Proxmox VE Clustering for High Availability

Virtualization 2026-02-09 · 7 min read proxmox clustering high-availability virtualization live-migration

A single Proxmox server is a great foundation for a homelab. Two or three Proxmox servers in a cluster unlock the features that make virtualization genuinely powerful: live migration (move running VMs between hosts without downtime), high availability (VMs restart automatically on a surviving node when a host fails), and centralized management of all your virtualization infrastructure from one web interface.

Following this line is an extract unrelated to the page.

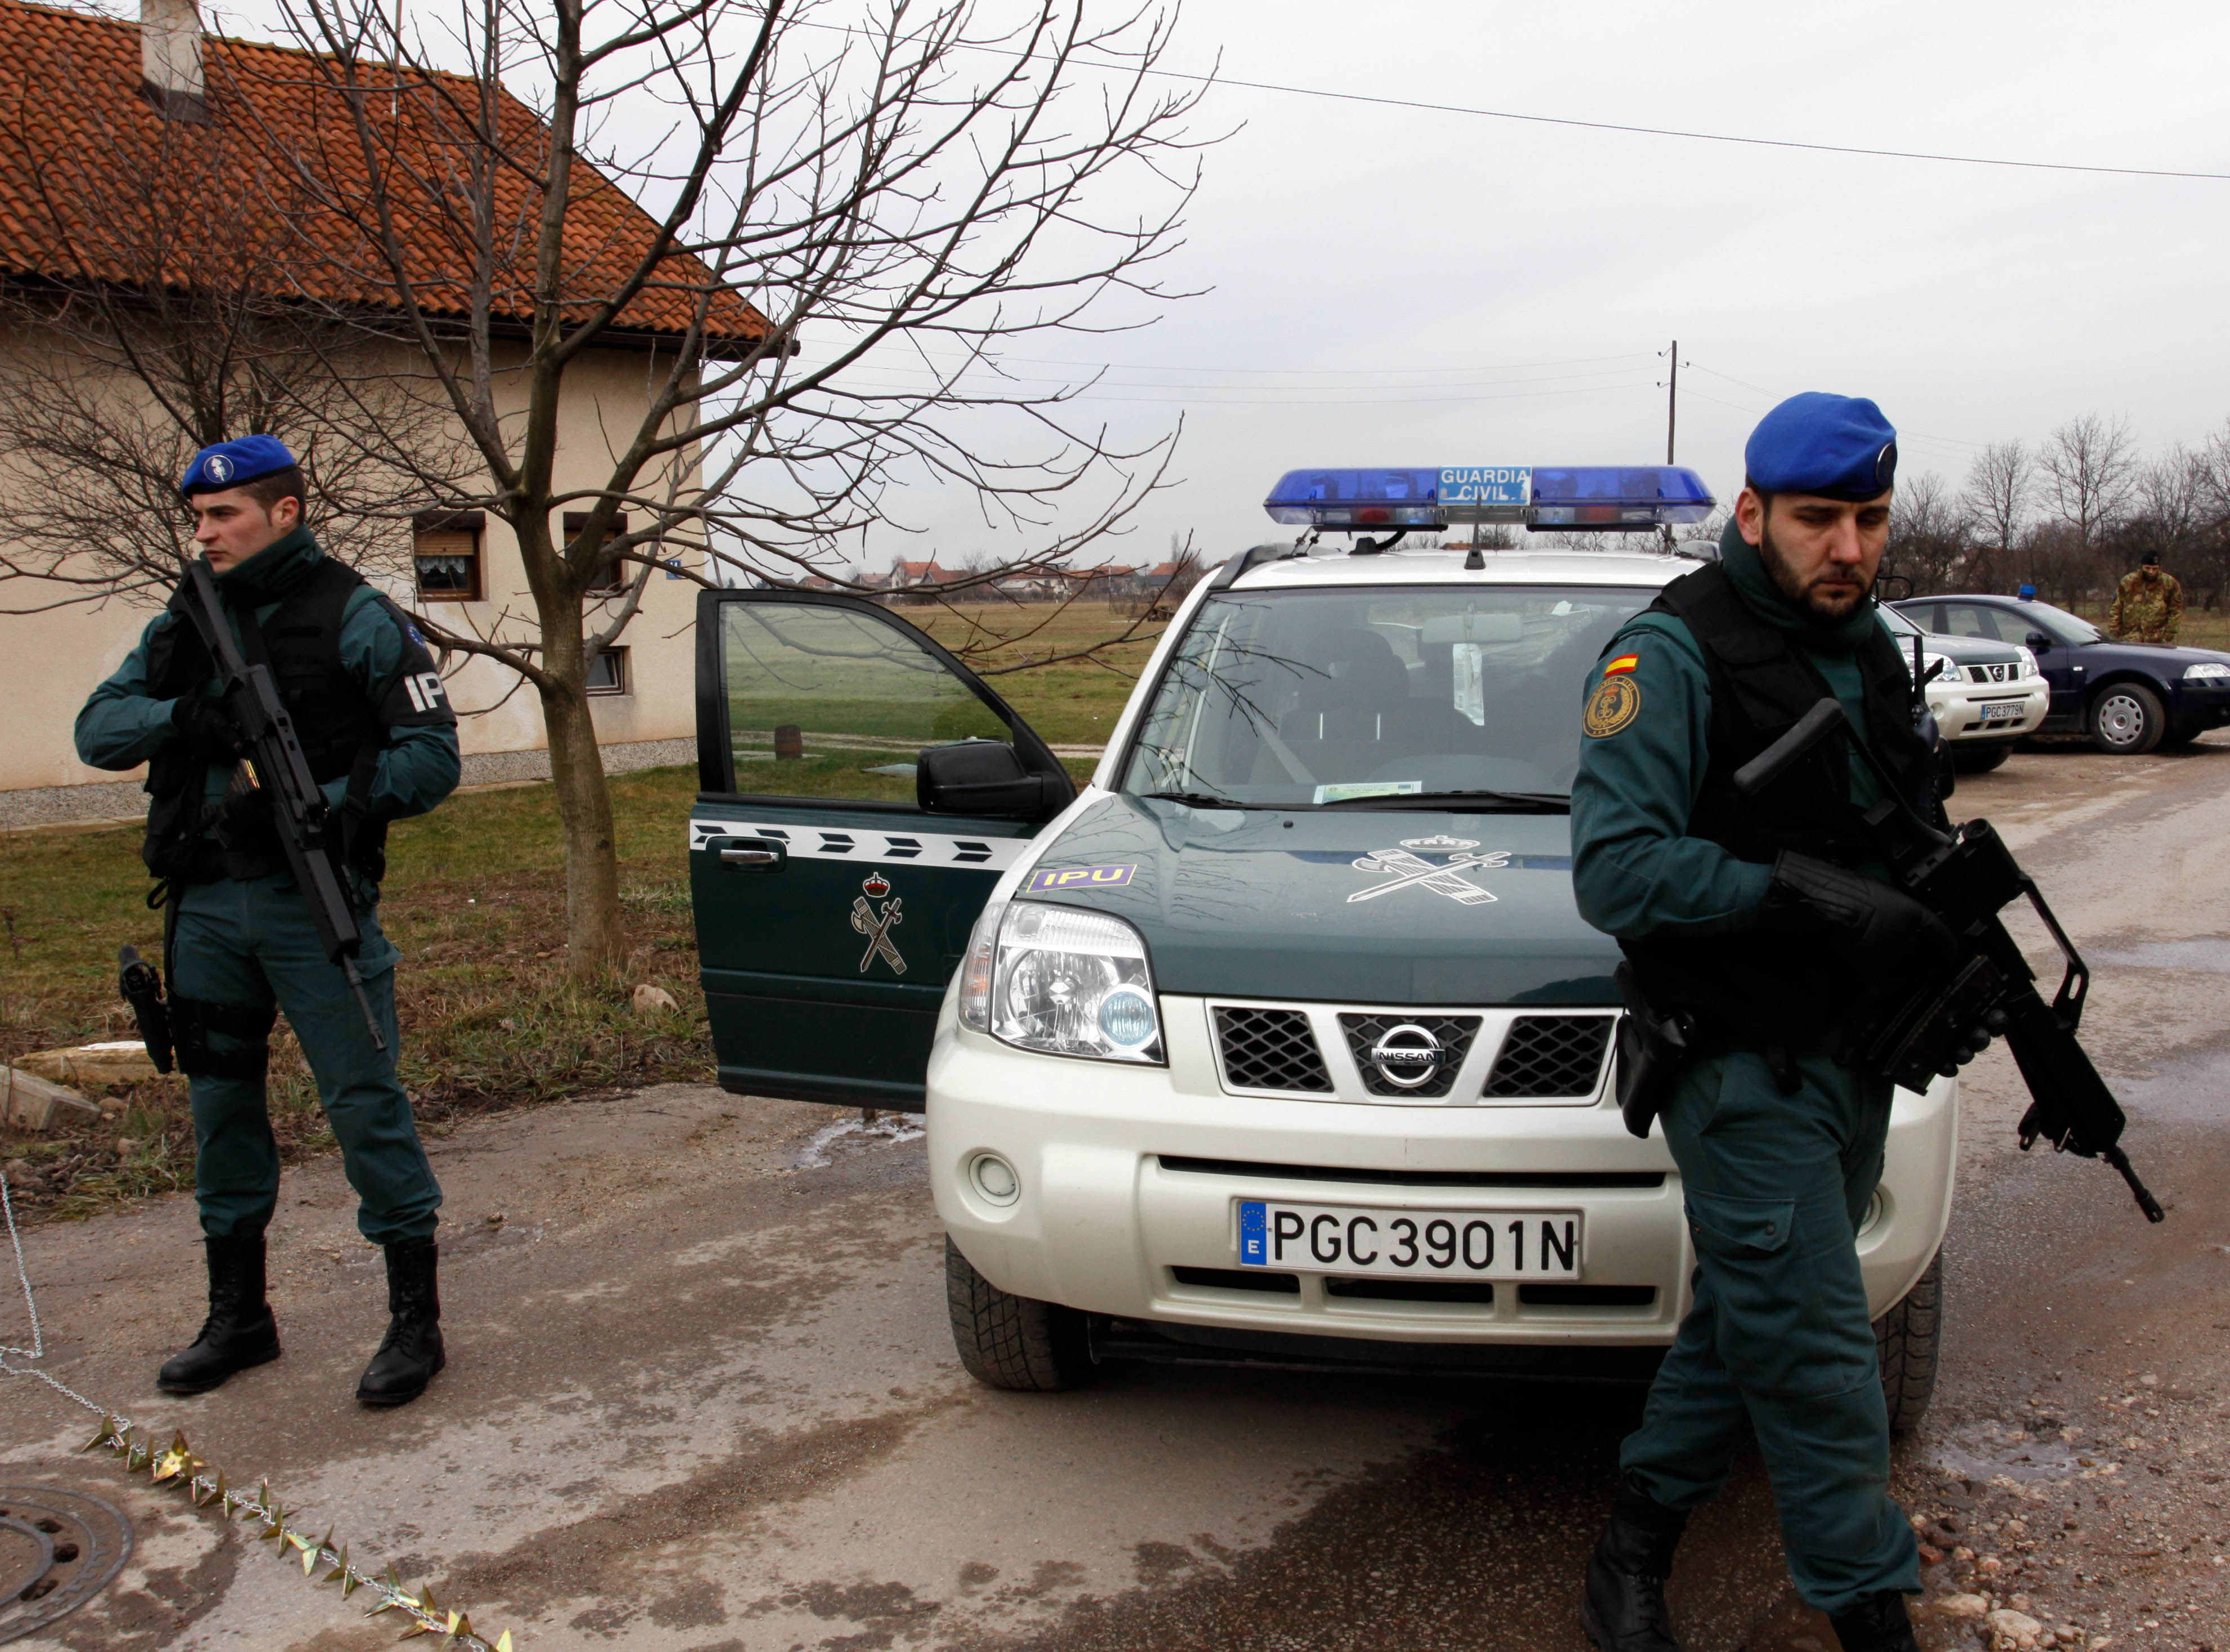 Βοσνία-Ερζεγοβίνη: Ολοκληρώνεται η αστυνομική αποστολή της ΕΕ

Proxmox VE clustering is built on mature Linux technologies — Corosync for cluster communication, a distributed configuration filesystem (pmxcfs), and the Proxmox HA manager for failover. It works on commodity hardware, doesn't require matching configurations across nodes, and the setup takes about 15 minutes once you understand the requirements.

Prerequisites

Before creating a cluster, make sure your environment meets these requirements:

Network:

All nodes must be able to reach each other on a dedicated cluster network (ideally a separate NIC or VLAN)
Low latency between nodes (<2ms round trip). Nodes across a WAN link won't work reliably
The cluster network carries Corosync heartbeats. If it goes down, the cluster assumes a node is dead

Hostnames and DNS:

Each node needs a unique hostname
Hostnames must resolve correctly. Check /etc/hosts on each node — the hostname must NOT resolve to 127.0.0.1. It must point to the node's real cluster network IP

Time:

All nodes must have synchronized time. Install and configure chrony or NTP on every node

Fresh or compatible installations:

Joining a node to a cluster wipes its existing Proxmox configuration. VMs and containers on the joining node are preserved, but the cluster config is replaced with the cluster's. Plan accordingly.

Example Setup

For this guide:

pve1: 192.168.1.101 (cluster creation node)
pve2: 192.168.1.102
pve3: 192.168.1.103
Cluster network: same subnet, dedicated VLAN preferred

Verify /etc/hosts on each node:

192.168.1.101  pve1
192.168.1.102  pve2
192.168.1.103  pve3

Do NOT have entries like 127.0.1.1 pve1 — this causes Corosync binding issues.

Creating the Cluster

On the first node (pve1), create the cluster:

pvecm create homelab-cluster

That's it. One command. Verify it:

pvecm status

You should see a cluster with one node. The web UI (https://192.168.1.101:8006) now shows the cluster name.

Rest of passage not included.